Complexity Analysis:
- Time: O(N * kernel)
- Space: O(num_kernels)
5. Implementation Guide
5.1 Development Environment Setup
# Install ARM + RISC-V toolchains
5.2 Project Structure
benchmark/
- src/
- kernels.c
- bench.c
- main.c
5.3 The Core Question You’re Answering
“How does ISA choice change real-world performance on the same silicon?”
5.4 Concepts You Must Understand First
- Fair benchmark methodology
- Cycle counters and timing
- ISA differences (FPU, instruction density)
5.5 Questions to Guide Your Design
- Which kernels represent real graphics workloads?
- How will you ensure identical conditions?
- How many runs are needed for stable averages?
5.6 Thinking Exercise
List all variables that must be fixed for a fair benchmark.
5.7 The Interview Questions They’ll Ask
- Why is benchmarking hard?
- What does instruction density affect?
- Why disable interrupts during measurement?
5.8 Hints in Layers
- Hint 1: Start with memcpy and fill.
- Hint 2: Use a fixed clock and disable interrupts.
- Hint 3: Display results on LCD to avoid serial overhead.
5.9 Books That Will Help
| Topic | Book | Chapter | |——-|——|———| | ISA basics | “Computer Organization and Design” | Ch. 1-3 | | Performance | “Computer Architecture” | Ch. 1 |
5.10 Implementation Phases
Phase 1: Dual Toolchain (3-4 days)
Goals: Build for ARM and RISC-V. Tasks: Setup CMake toolchain options.
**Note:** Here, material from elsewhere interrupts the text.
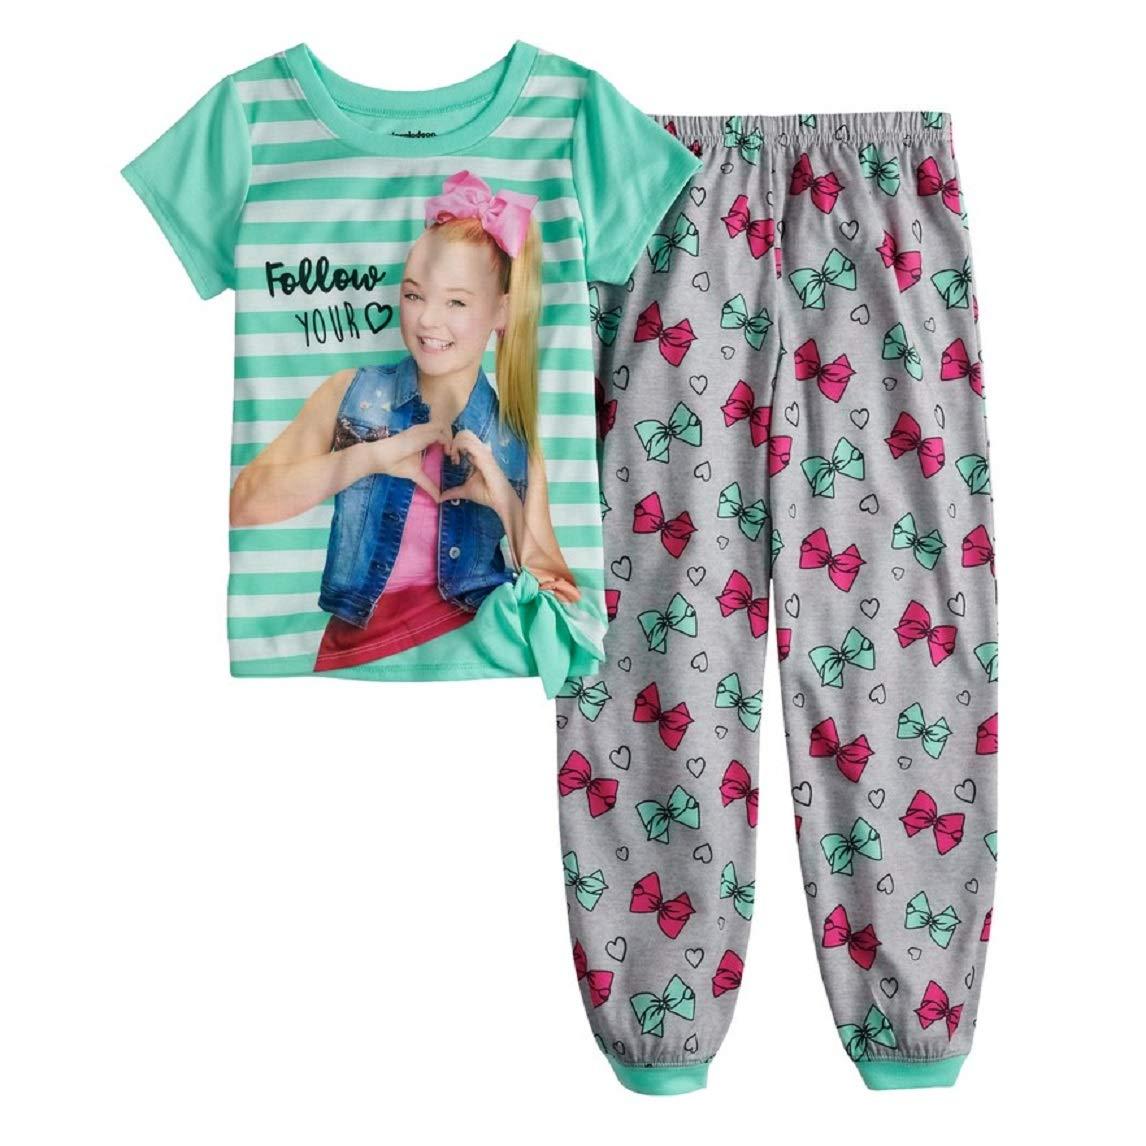 AME Girls JoJo Siwa Top /& Bottoms Pajama Set 6-12

Checkpoint: Both binaries boot.
Phase 2: Kernel Suite (4-5 days)
Goals: Implement fill, blit, memcpy. Tasks: Add timing hooks. Checkpoint: Stable cycle counts.
Phase 3: Dashboard (4-5 days)
Goals: Visualize results. Tasks: Render bar chart and numbers. Checkpoint: Results readable on LCD.
5.11 Key Implementation Decisions
| Decision | Options | Recommendation | Rationale | |———-|———|—————-|———–| | Kernel types | Synthetic vs real | Mix | Balanced insight | | Output | Serial vs LCD | LCD | Avoid overhead |
6. Testing Strategy
6.1 Test Categories
| Category | Purpose | Examples | |———-|———|———-| | Unit Tests | Kernel correctness | Verify fill pattern | | Integration Tests | Timing | Repeatability checks | | Regression Tests | Toolchain | ARM vs RISC-V build checks |
6.2 Critical Test Cases
- Repeatability: 10 runs within +/-2%.
- Correctness: kernel output matches expected buffer.
- Fairness: identical clock + flags.
6.3 Test Data
Kernel: fill 172x320 with 0xF800
7. Common Pitfalls & Debugging
7.1 Frequent Mistakes
| Pitfall | Symptom | Solution | |———|———|———-| | Different flags | Skewed results | Match build flags | | Interrupt noise | High variance | Disable interrupts | | Optimized-away kernel | Near-zero cycles | Use volatile checksum |
7.2 Debugging Strategies
- Display a checksum of rendered buffers.
- Repeat tests and log variance.
7.3 Performance Traps
- Using serial output during timing; it dominates runtime.
8. Extensions & Challenges
8.1 Beginner Extensions
- Add a simple integer-only kernel.
8.2 Intermediate Extensions
- Add float-heavy kernel to compare FPU impact.
8.3 Advanced Extensions
- Add cache/memory bandwidth tests if supported.
9. Real-World Connections
9.1 Industry Applications
- MCU selection for graphics products
9.2 Related Open Source Projects
- Benchmark suites for microcontrollers
9.3 Interview Relevance
- Benchmark methodology and ISA trade-offs are advanced interview topics.
10. Resources
10.1 Essential Reading
- RP2350 datasheet (cycle counters)
- RISC-V privileged spec
10.2 Video Resources
- Performance measurement talks
10.3 Tools & Documentation
- ARM and RISC-V toolchains
10.4 Related Projects in This Series
- Project 10 for toolchain details.
11. Self-Assessment Checklist
11.1 Understanding
- I can explain fairness in benchmarks.
- I can read cycle counters on both ISAs.
11.2 Implementation
- Benchmarks run on ARM and RISC-V.
- Results are stable and displayed on LCD.
11.3 Growth
- I can explain ISA trade-offs in an interview.
12. Submission / Completion Criteria
Minimum Viable Completion:
- One kernel benchmark with cycles reported on LCD.
Full Completion:
- Multiple kernels and side-by-side comparison.
Excellence (Going Above & Beyond):
- Detailed report with variance and analysis.